Caravaggio's The Supper at Emmaus features a snag in a wicker basket that mirrors an underground Christian emblem, writes Kelly Grovier.

Sometimes a flaw isn't a flaw at all but a flourish – a stroke of genius. Take, for example, the tiny fray in the weave of the wicker basket that teeters on the edge of the table at the centre of Michelangelo Merisi da Caravaggio's early 17th-Century masterpiece The Supper at Emmaus, among the greatest treasures in the rich collection of the UK's National Gallery. Though countless eyes have marvelled at the mysterious drama unfolding in the shadowy interior of the inn in which the recently resurrected Christ has just revealed his true identity to a pair of dumbstruck disciples, the significance of an almost imperceptible imperfection has gone unnoticed in the four centuries since the painting was commissioned by the Italian nobleman Ciriaco Mattei in 1601. A loose twig, sticking out from the plait of the woven fruit bowl, is a dainty defect from which the work's truest meaning can be unravelled. Alone among the countless symbols that punctuate the religious painting, this delicately described detail – half in shade, half in light – transforms Caravaggio's celebrated canvas from a mere illustration of scripture scene into something active and daring – a spiritual challenge whose stakes could not be higher.

To appreciate the full implications of this easily overlooked detail, it is worth reminding ourselves of the contours of the bigger picture Caravaggio is conjuring. The source for The Supper at Emmaus – a subject that has inspired everyone from Rembrandt to Velasquez, Pontormo to Cavarozzi – is the New Testament's Gospel of Luke, which tells the story of Christ's intimate repast with two of his disciples, Luke and Cleopas, who have failed to recognise him after his return from the dead. As the bread has already been broken and blessed, the time has come, according to the gospel's , for Christ to "open" the eyes of his followers and for him to vanish "out of their sight".
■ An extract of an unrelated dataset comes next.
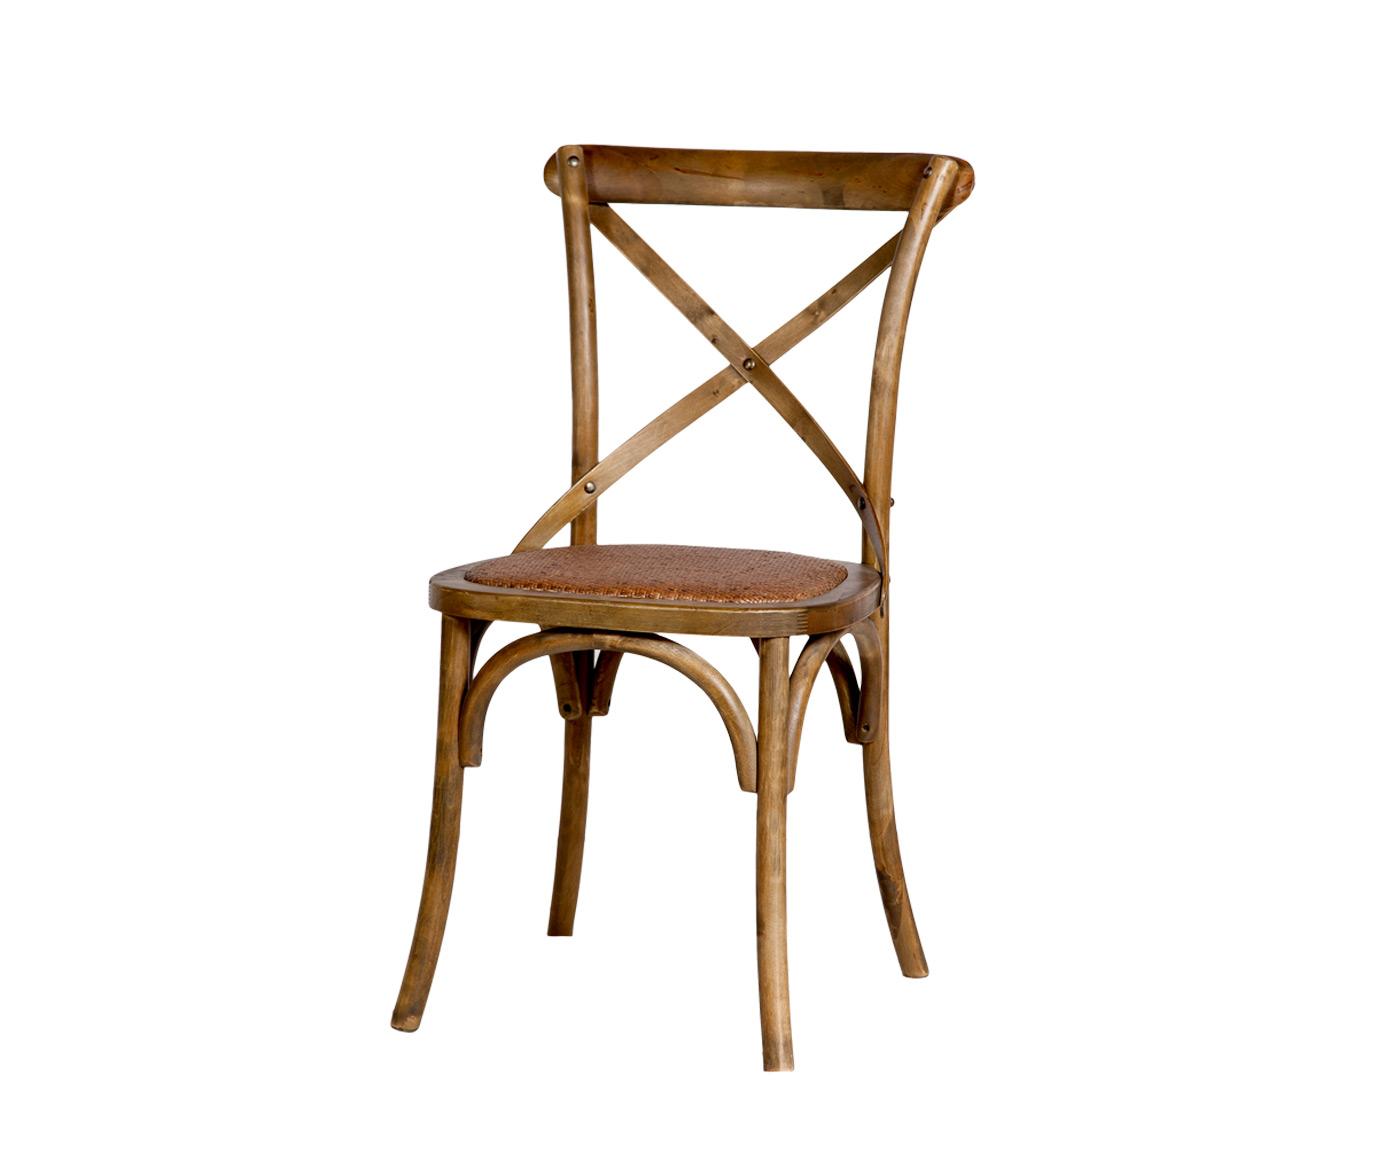 СтулОбеденные стулья<br><br><br>Material: Дерево<br>Width см: 50<br>Depth см: 40<br>Height см: 90

Alamy Many other painters depicted the scene described in the Gospel of Luke, including Rembrandt with The Return of the Prodigal Son (1668) (Credit: Alamy)Alamy
Many other painters depicted the scene described in the Gospel of Luke, including Rembrandt with The Return of the Prodigal Son (1668) (Credit: Alamy)

The painting, in other words, captures a mystical threshold, the millisecond before Christ, who is hauntingly haloed by a stranger's shadow on the wall behind him, disappears from the world. In that immeasurable instant between revelation and evaporation, Caravaggio hatches a suspended, otherworldly world. To the left of the basket, Christ's paternal uncle, Cleopas, pushes himself up from his chair in panicked astonishment at the disclosure – his sharp elbows poking through the worn-out sleeves of his coat. On the other side of the wicker bowl, to our right, Luke flings his arms out wide, mirroring the very posture on the cross into which Christ's own limbs had been nailed at the time of his painful death. Meanwhile, the unfazed innkeeper, who stands beside Christ, gazes on uncomprehendingly – hearing the same words that Christ has uttered to his thunderstruck disciples, but unable to grasp their significance.
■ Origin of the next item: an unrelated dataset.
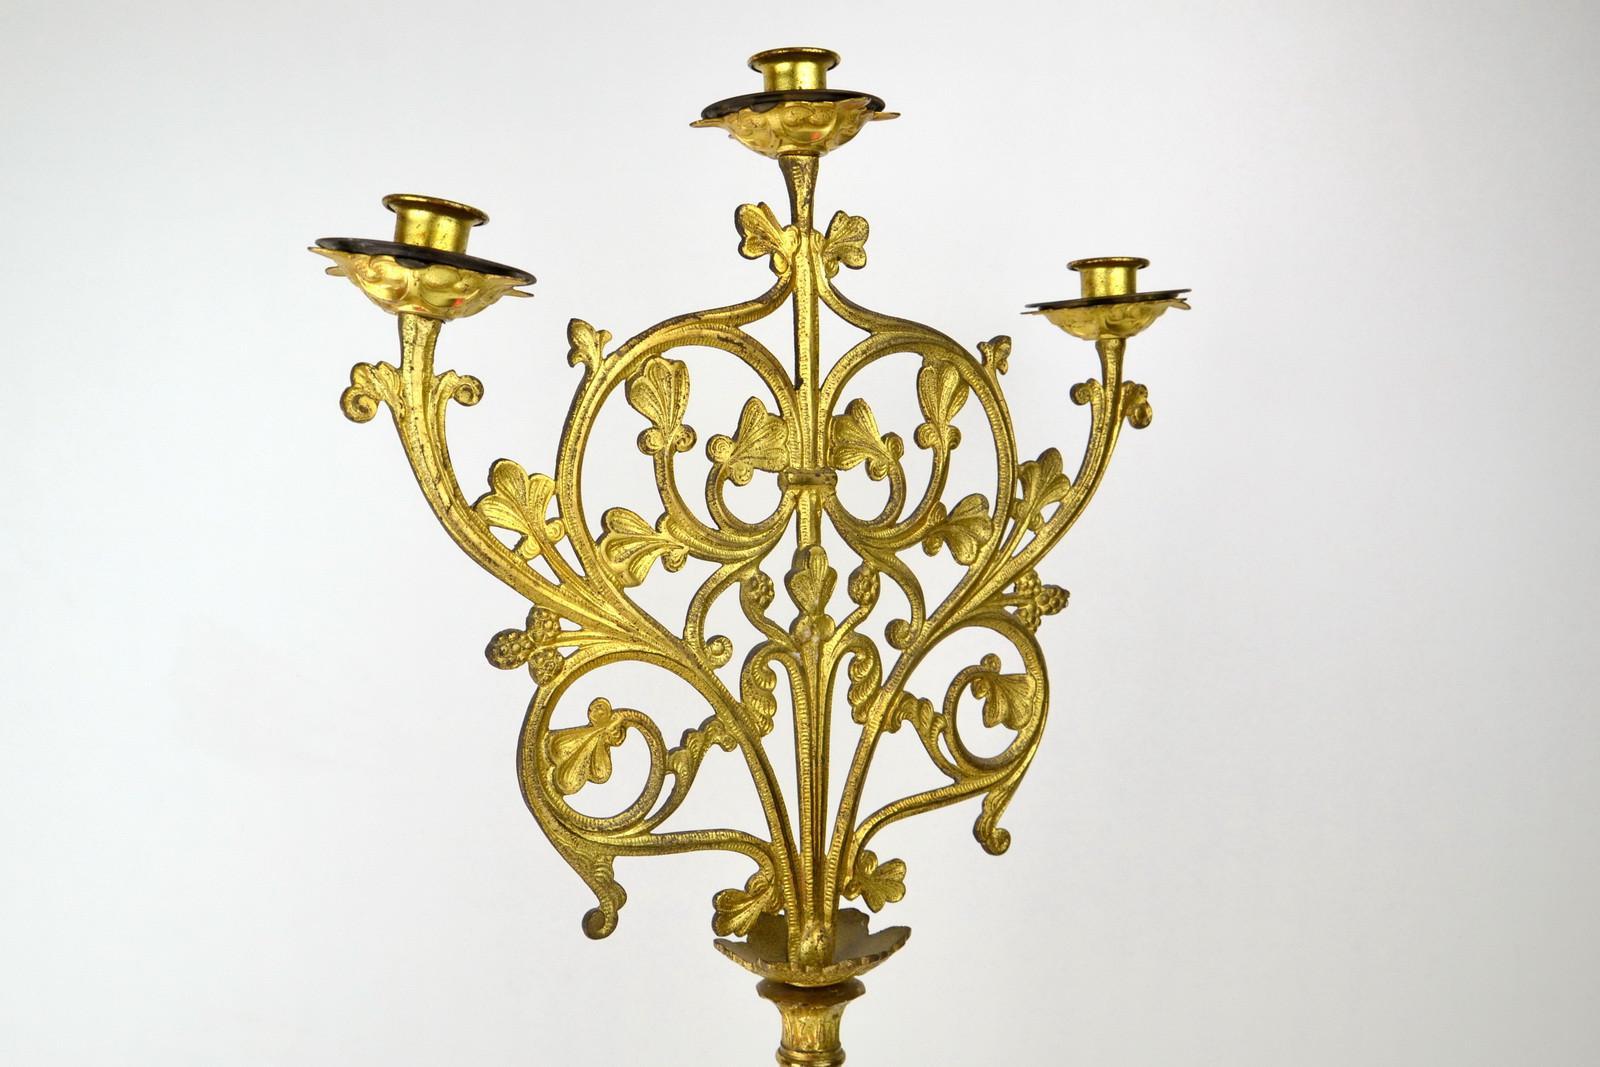 candelabro-antico-bronzo-dorato-1,1544.jpg?WebbinsCacheCounter=1

Alamy Caravaggio carefully composed The Supper at Emmaus to reflect the dynamics of the scene that it was depicting (Credit: Alamy)Alamy
Caravaggio carefully composed The Supper at Emmaus to reflect the dynamics of the scene that it was depicting (Credit: Alamy)
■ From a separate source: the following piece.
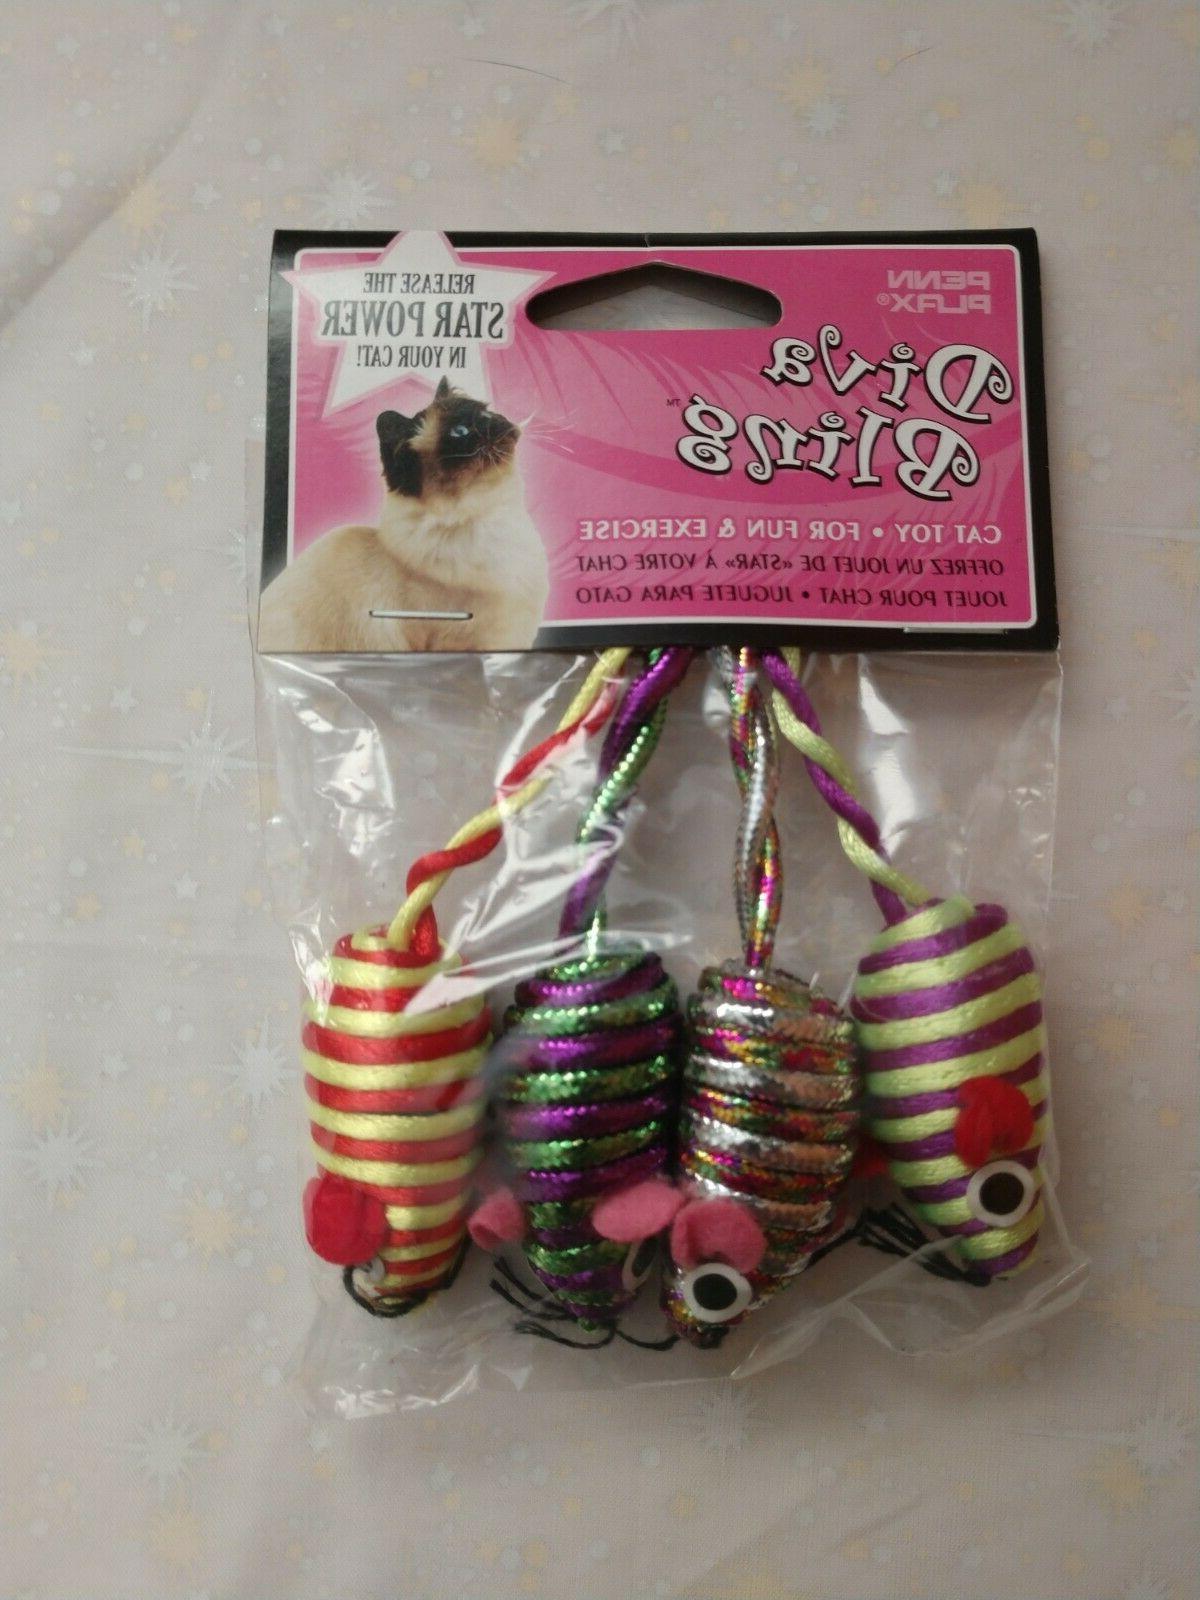 cat toys diva bling by pkg of

Caravaggio must have been keenly aware in choreographing this extraordinary scene, poised as it is between our perishable realm and an eternal one that lies beyond, that the contrasting reactions of those present for the big reveal – the nonplussed innkeeper, on the one hand, and Christ's stunned and speechless followers, on the other – were also those that his own painting had the power to elicit. It is one thing to illustrate a moment of revelation that others have experienced. It is quite another thing to make the observers of his work actually participate in the awe of that epiphany – to transform the canvas into the very stage on which a spiritual awakening is potentially and perpetually possible.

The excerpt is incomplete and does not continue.